* The input:

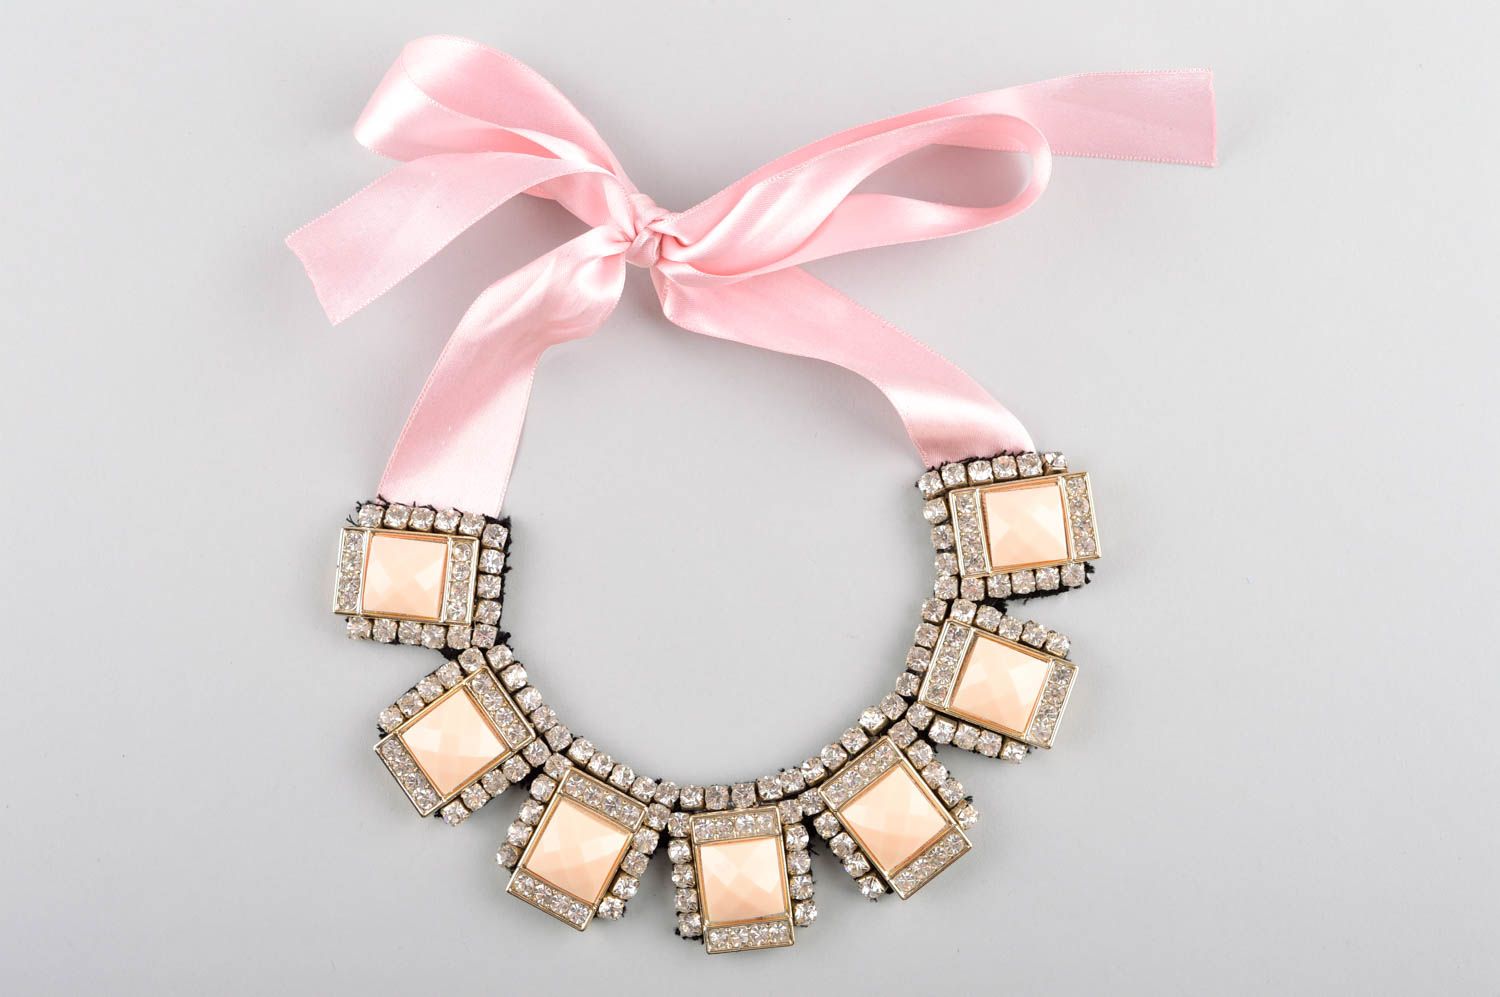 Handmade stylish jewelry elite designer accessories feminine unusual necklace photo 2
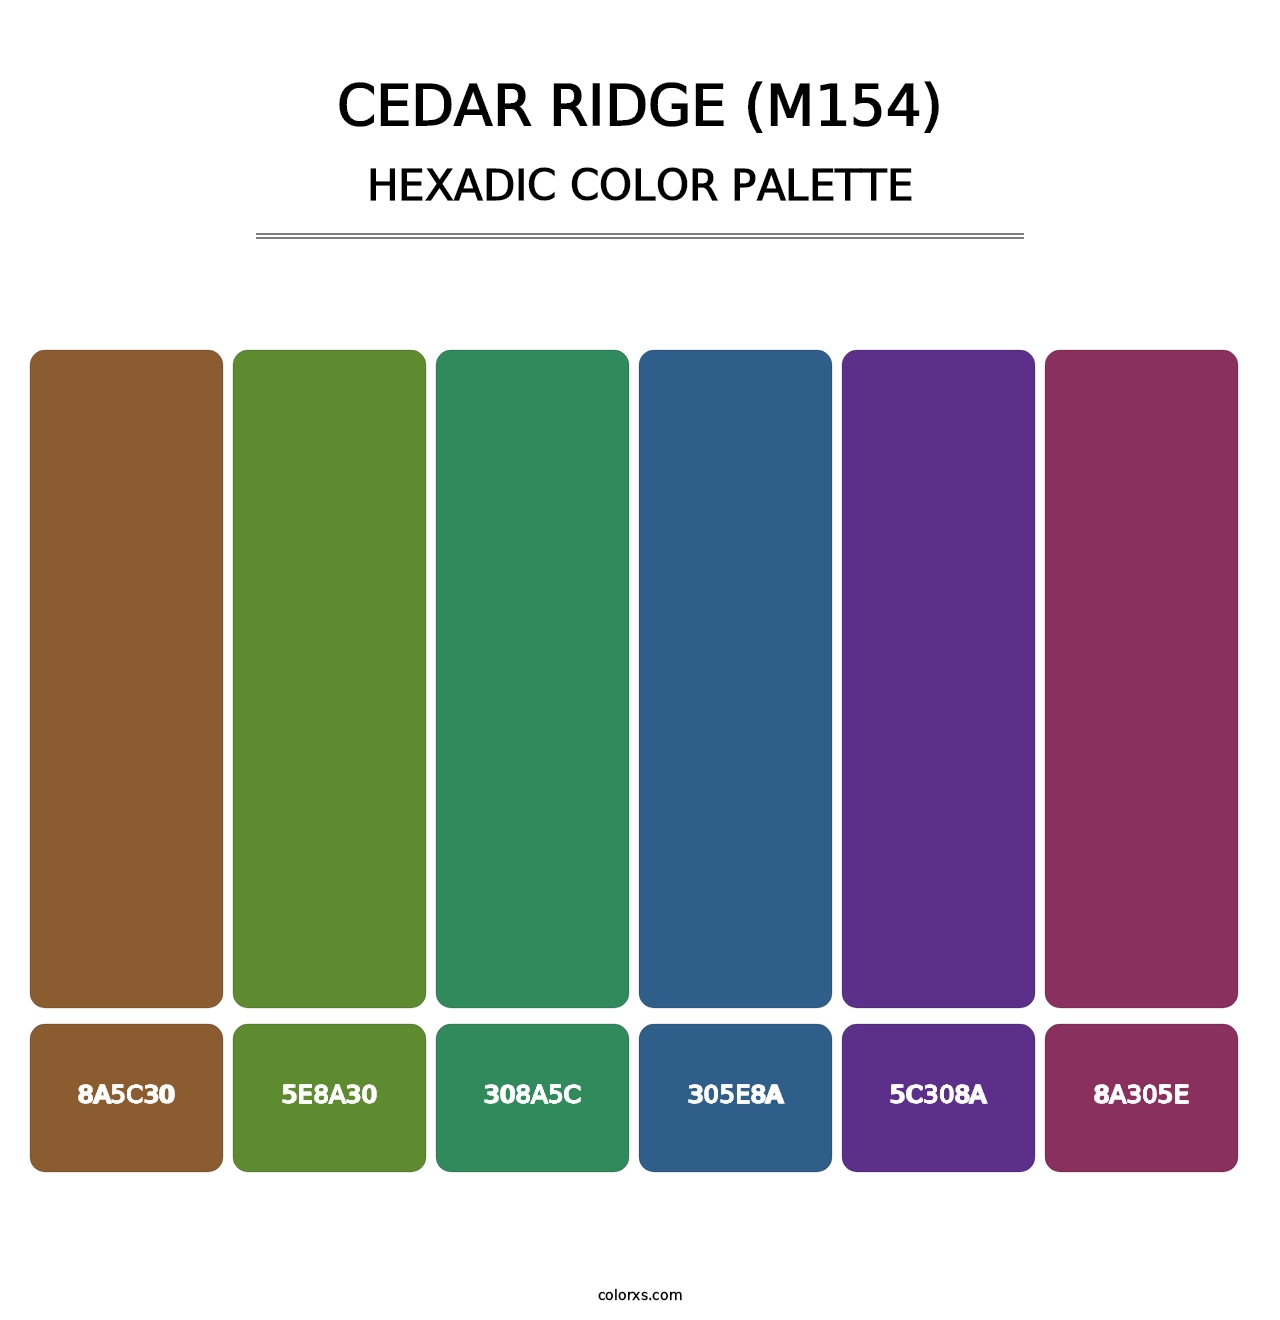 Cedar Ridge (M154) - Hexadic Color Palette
...
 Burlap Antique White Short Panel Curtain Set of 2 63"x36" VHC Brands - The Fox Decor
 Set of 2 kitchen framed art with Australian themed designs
* * *
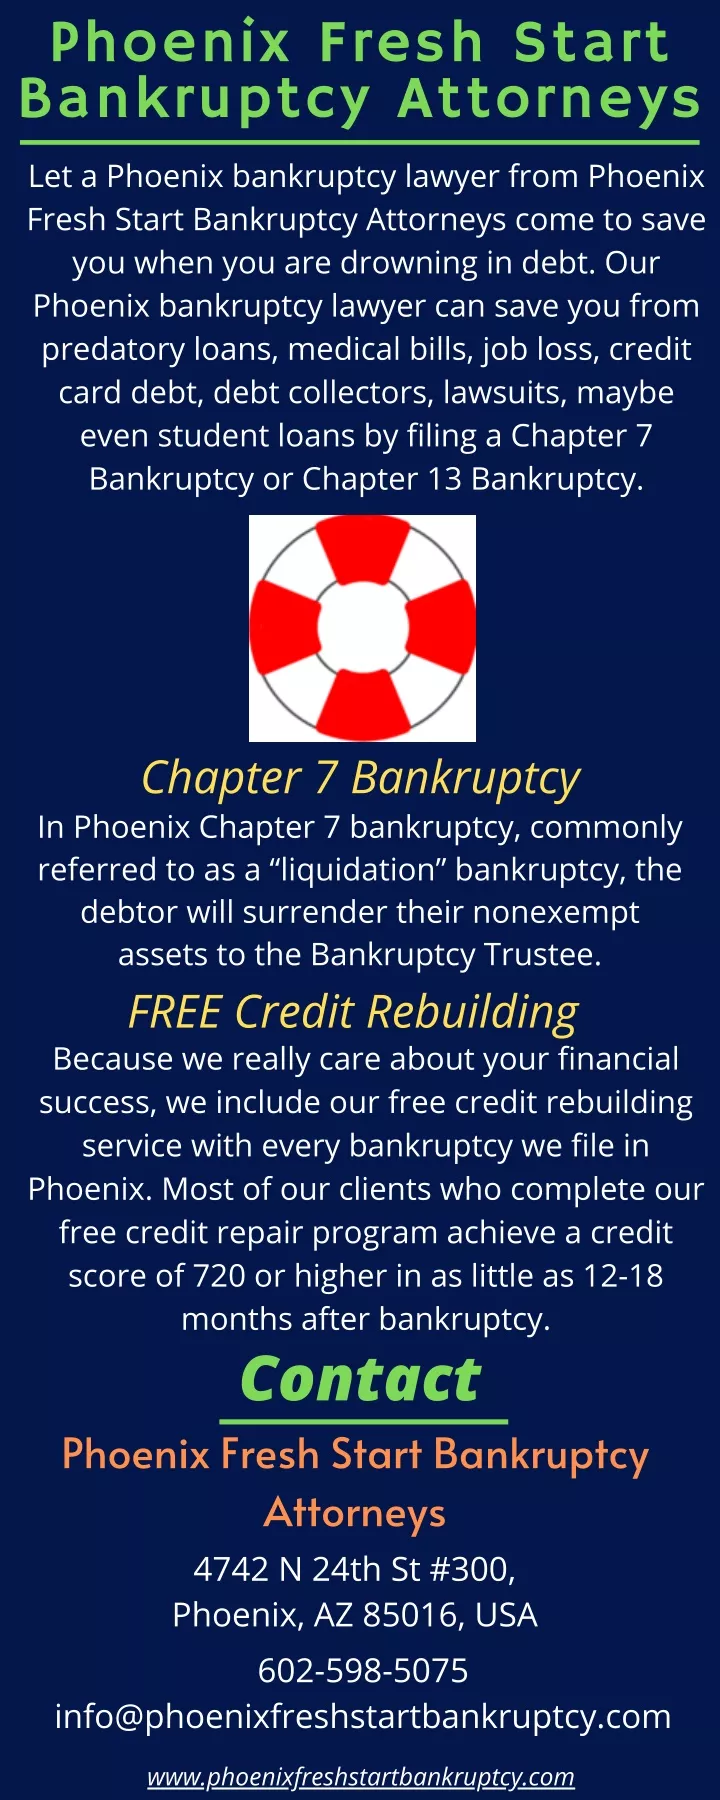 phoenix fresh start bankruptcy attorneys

* The problem:
With the pictures removed, print only the lines starting at the line that has "Handmade stylish jewelry" and ending at the line that has "Cedar Ridge (M154) - Hexadic Color Palette", both ends included, exactly as they stand above.

* Your solution:
 Handmade stylish jewelry elite designer accessories feminine unusual necklace photo 2
 Cedar Ridge (M154) - Hexadic Color Palette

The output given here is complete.